Extracted entries: Begin

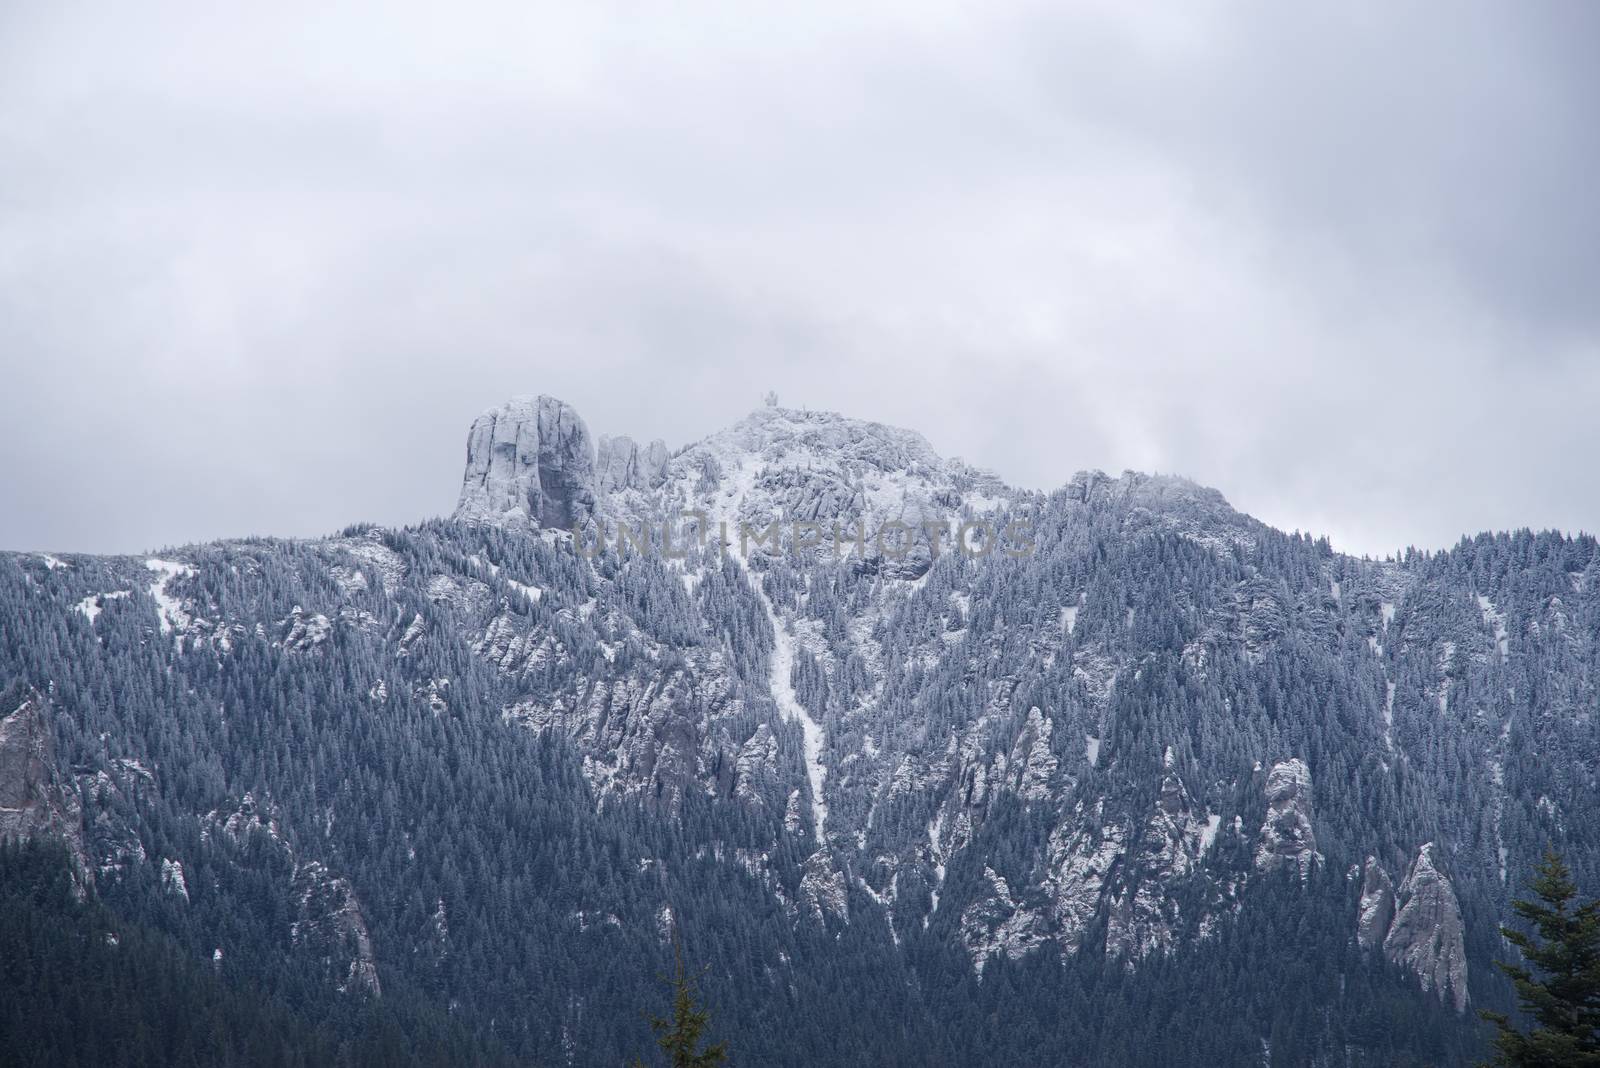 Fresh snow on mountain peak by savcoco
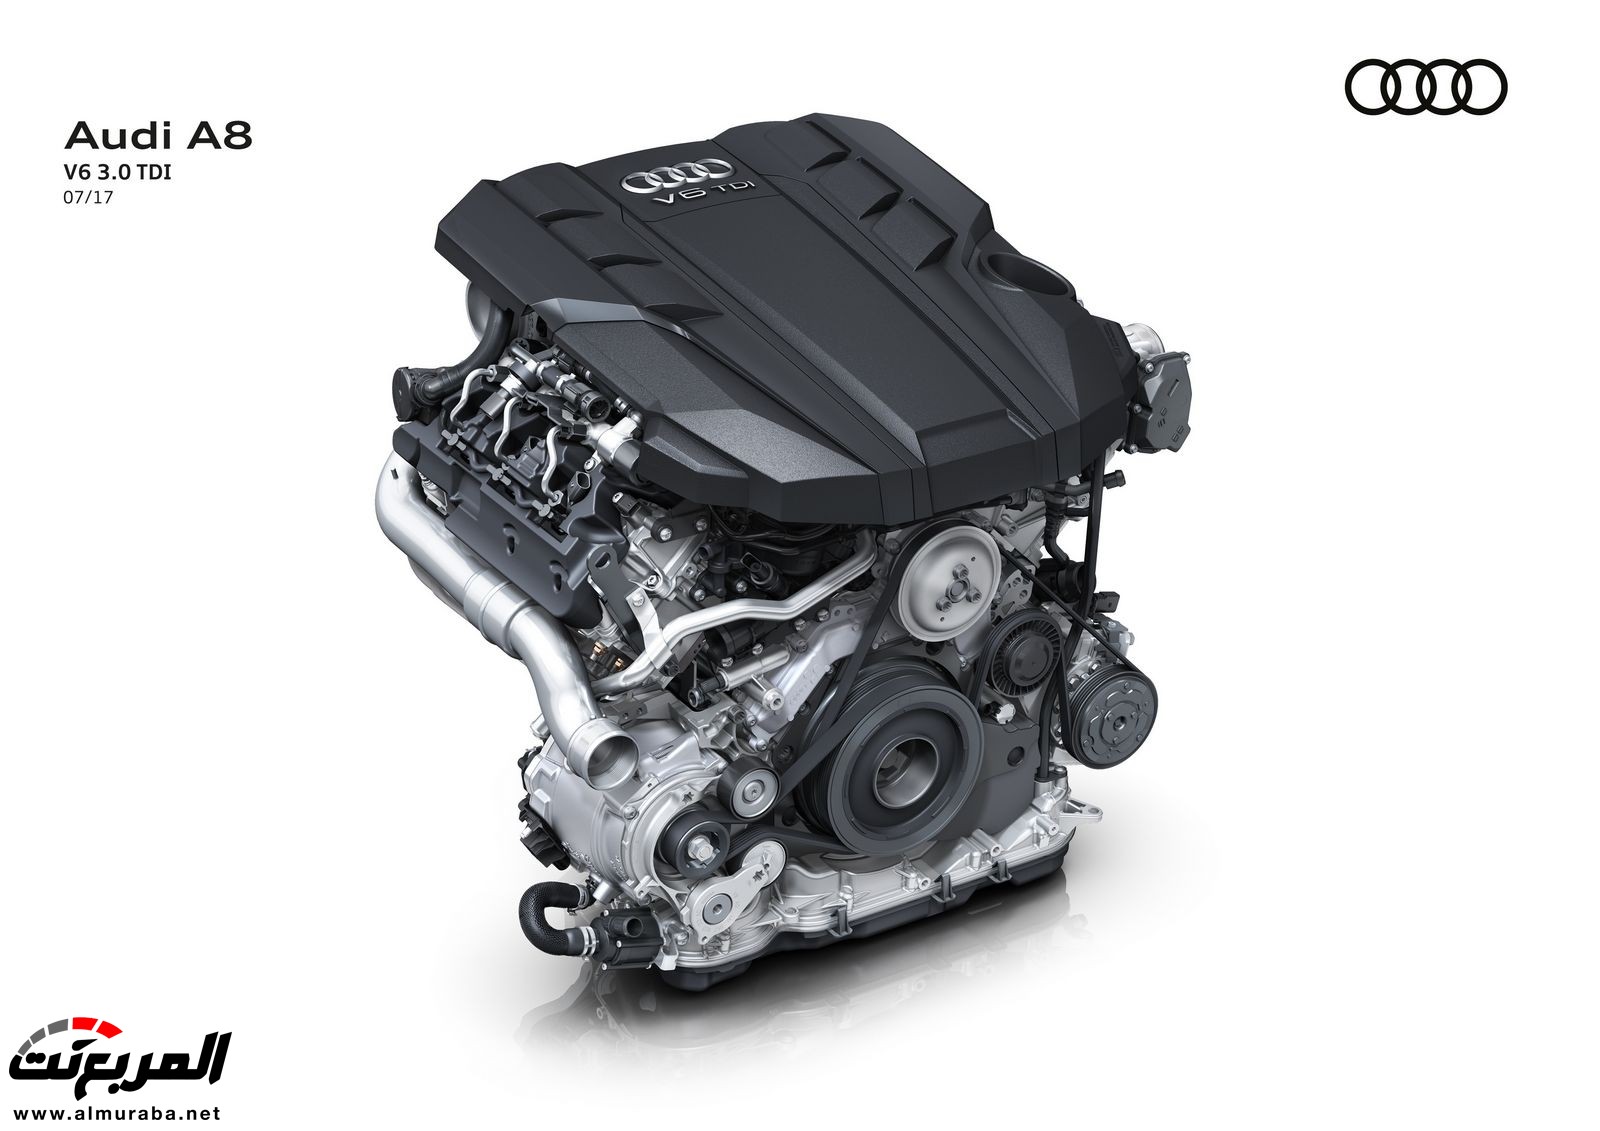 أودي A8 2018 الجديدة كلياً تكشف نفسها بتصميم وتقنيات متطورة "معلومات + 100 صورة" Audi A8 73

Extracted entries: End
Extracted entries: Begin

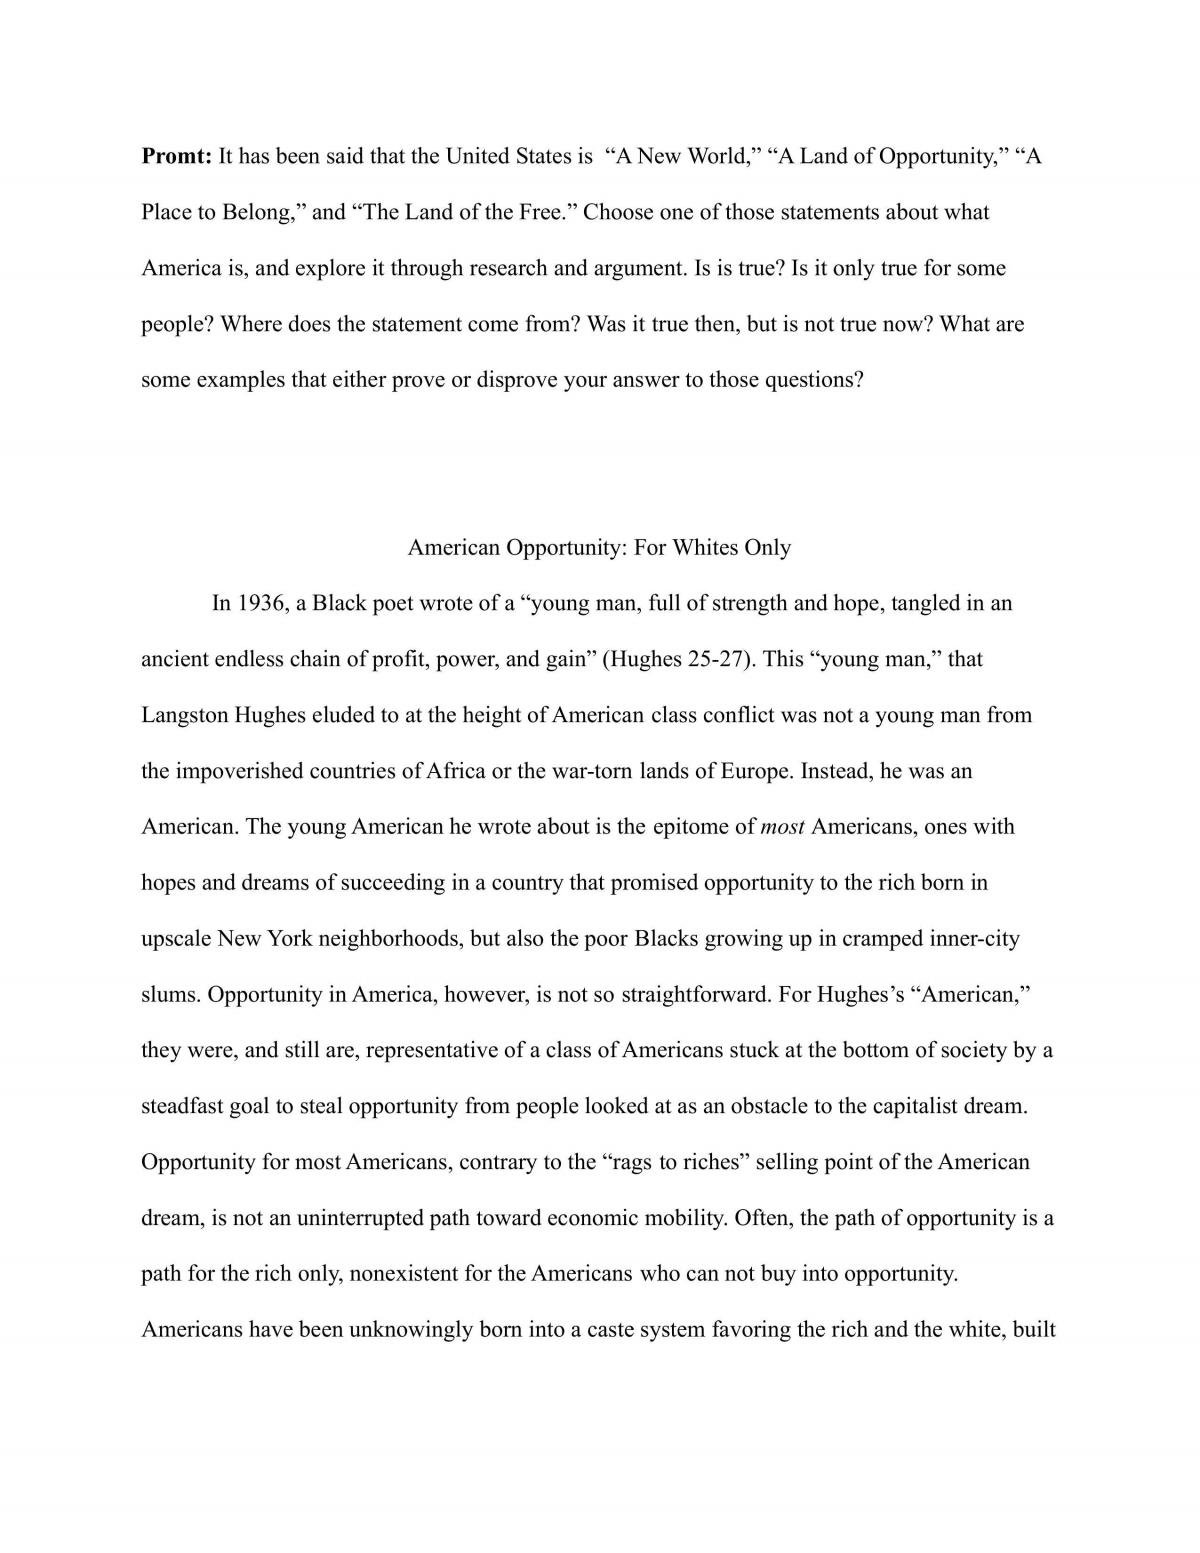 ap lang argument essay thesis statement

Extracted entries: End
Extracted entries: Begin

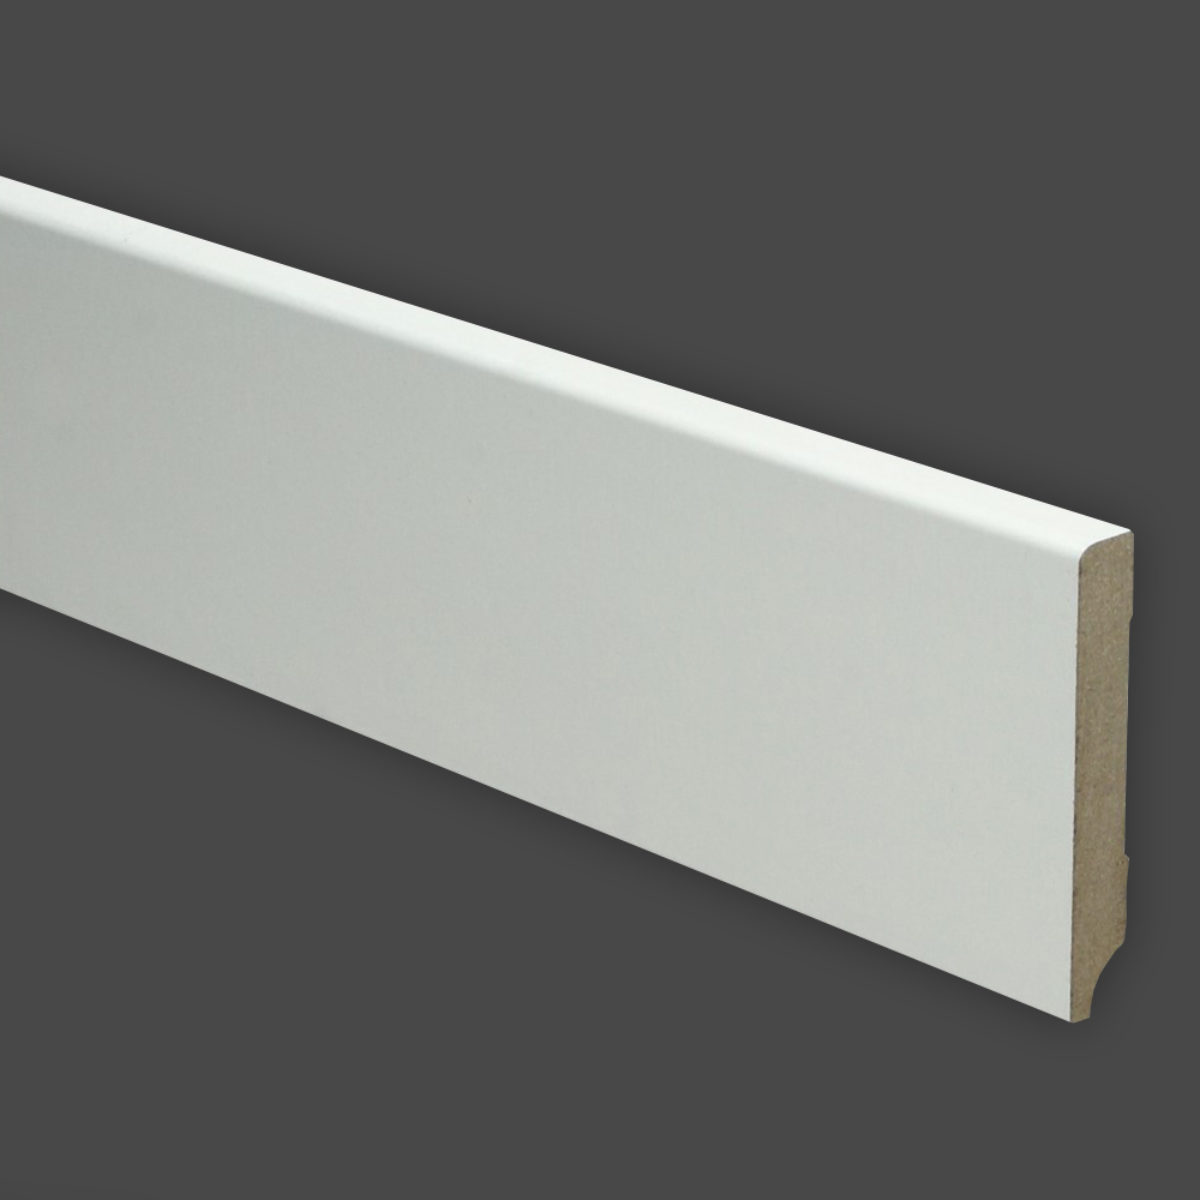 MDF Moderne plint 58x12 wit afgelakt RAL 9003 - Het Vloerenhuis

Extracted entries: End

**Aim of the exercise**
Go back to the listing above and reproduce, exactly, the stretch from the line bearing "Fresh snow on mountain peak by savcoco" through the line bearing "أودي A8 2018", without its pictures.

**Finished exercise**
 Fresh snow on mountain peak by savcoco
 أودي A8 2018 الجديدة كلياً تكشف نفسها بتصميم وتقنيات متطورة "معلومات + 100 صورة" Audi A8 73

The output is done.